I was told that the surrounding Arab villagers refer to the Bat Ayin settlers as “the crazies.” As many students noted, the proximity to “nature” was a key ingredient in their positive experience at the yeshiva. In a similar vein, the simple and rugged lifestyle is conducive to introspection. On a more complex level, I sense that the political extremism and marginalization of the settlement also appeal to these yeshiva students, but only to the degree that these qualities reflect the values of anarchism, radicalism, and self-sufficiency and an underlying mystical vision—even though the same students may be uncomfortable with the racism or violence that results from these same values and ideas.
At first I dressed in T-shirts and skirts that hit below the knee (a typical Modern Orthodox look), but I noticed that some of these interviews had the subtle atmosphere of a date coordinated by a matchmaker for religious singles. In the next few interviews, I wore jeans and found that the date atmosphere quickly dissipated.
Since I was interested in the reach and influence of CV, Yeshivat Shirat HaTorah (ST) was a logical extension of my research.
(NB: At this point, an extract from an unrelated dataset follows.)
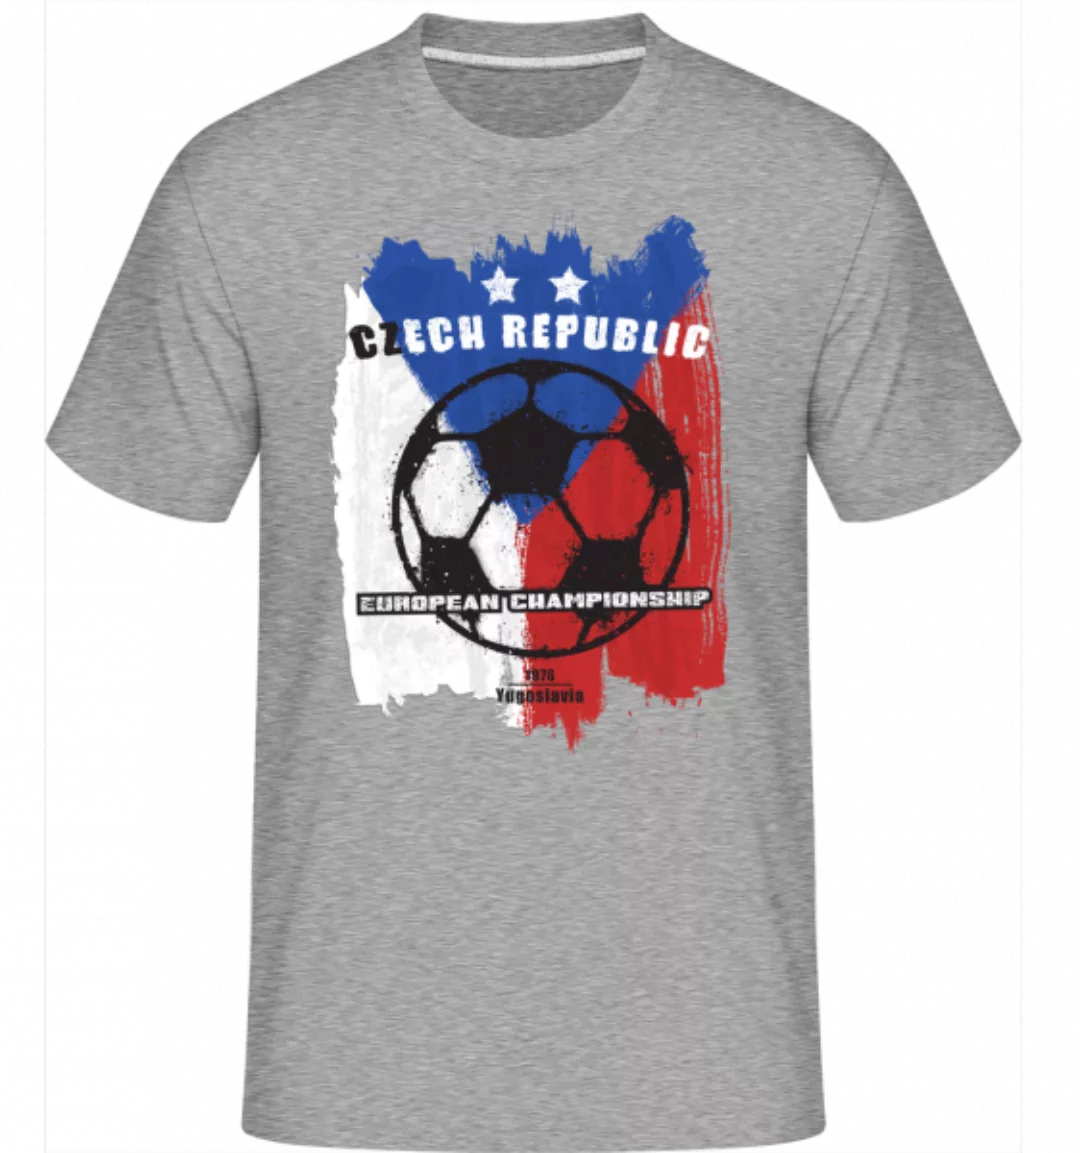 Fußball Tschechien · Shirtinator Männer T-Shirt günstig online kaufen

For example, students cited 1960s counterculture books, authors and iconic figures, such as Carlos Castaneda’s The Teachings of Don Juan (1968) and Aldous Huxley’s Brave New World (1932), as well as writings by Timothy Leary, the Beat poets, William Blake and others. Independently of each other, four CV students cited Ken Kesey as an influential figure in their youth. “Read that book,” said Aharon, referring to The Electric Kool-Aid Acid Test (1968), Tom Wolfe’s journalistic account of Kesey and his LSD-dropping crew, the Merry Pranksters…
Nearly every interviewee had been part of the countercultural milieu that includes subcultural successors to the 1960s hippie movement—Rainbow Gatherings, Grateful Dead and Phish concerts, raves, radical environmentalism, Neopaganism, anti-globalization activism, and other youth subcultures. Students from this milieu shared a particular construction of spirituality associated with the New Age movement and an antagonism toward mainstream society.
Yonatan cut off his dreadlocks but left two above his ears as peot hanging down to his chest in long s-shaped curves under his knit kippa. In this way, CV and ST students created a syncretistic material culture linking countercultural styles with innovative religious ones.
American Neo- Hasidism in Israel, as practiced at Chesed V’Emet and Shirat HaTorah, is a syncretistic revival of traditional Judaism that uses American countercultural expressions to give meaning to Jewish practice and identity.
One cannot ignore the influence of Rabbi Shlomo Carlebach on today’s Neo-Hassidic movement. I believe the overwhelming interest in Hassidut on the youth of the National Religous camp here in Israel is primarily due to him.
A serious academic study would address the desideratum.
I only gave a few paragraphs. The article had a pedestrian summary of Carlebach, Habakuk, and other topics needed for the study itself.